In a stunning reversal of roles as with any government agency, the FDA would like public assistance to figure out how to handle the advertising and promotion of regulated products and or services on the internet. The meeting is scheduled for Nov. 12 and 13, and you can get information on how to submit your comments or details if you would like to actually attend the meeting at the Federal Register.
The invitation includes helpful information on social media terminology such as podcast, Web 2.0 and blogs as well as details about the most popular social networking sites where people create profiles and then invite people to join as friends.
With the advent and unexpected popularity of social media sites there are many concerns that should be addressed.

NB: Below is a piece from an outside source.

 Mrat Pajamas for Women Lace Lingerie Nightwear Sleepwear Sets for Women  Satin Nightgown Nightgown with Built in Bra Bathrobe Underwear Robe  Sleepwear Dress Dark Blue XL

Social media has become the marketing medium of choice for many major companies as it reaches the most people and the cost is nothing as compared to magazine or newspaper advertising. Many online companies have dodged regulations of any kind and many industry insiders have complained that the internet is full of risks.

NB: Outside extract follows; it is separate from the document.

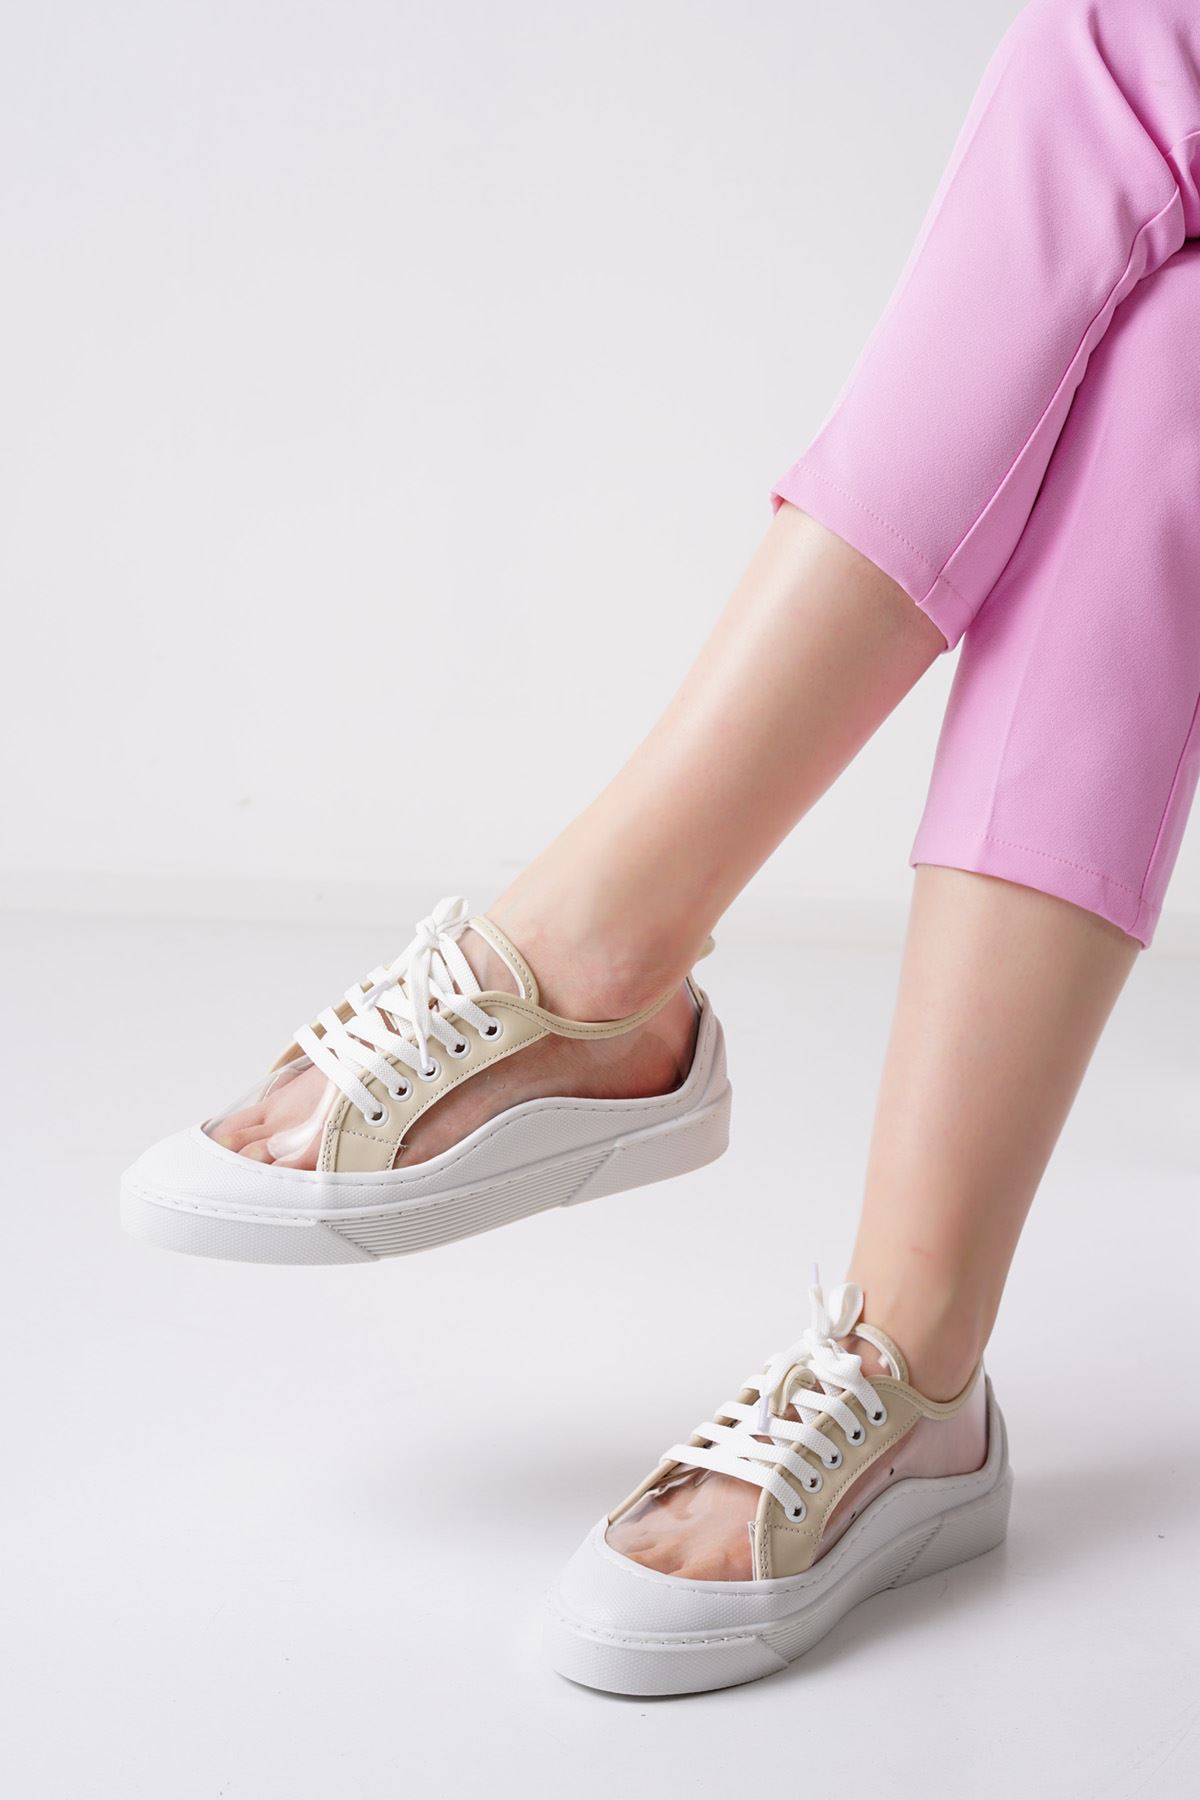 Flufy Beyaz Bej Şeffaf Kadın Spor Ayakkabı

Janet Woodcock, the head of the FDA’s drug center, said there is a specific focus on policing advertisements. Drugs, medical devices etc, are more complex, and there have been continuous massive changes in the way internet users communicate, especially in the use of social media, such as Facebook and MySpace.
What kind of questions does FDA has in mind? Here are a few;
1) What type of online messaging are regulated companies being held responsible for? And what should they not be responsible for?
2) How do internet companies stay within current regulation, requirements like fair and balance in ads, within the restrictions of perhaps a 140-character tweet area?
3) When would a company have to retract and replace misleading information posted by third parties? Wikipedia allows all of its users to change content, and sometimes information is constantly challenged. With some companies, the FDA fears that they haven’t taken responsibility for known issues, fearing responsibility for retracting everything online.
4) The FDA wants to know what kinds of linking are rightfully used and when consumers find it misleading.
5) There are few sites in the social media that actually protect the consumer for perhaps side effects and other problems with products or services. What reporting and when do companies have to report on the Web to FDA?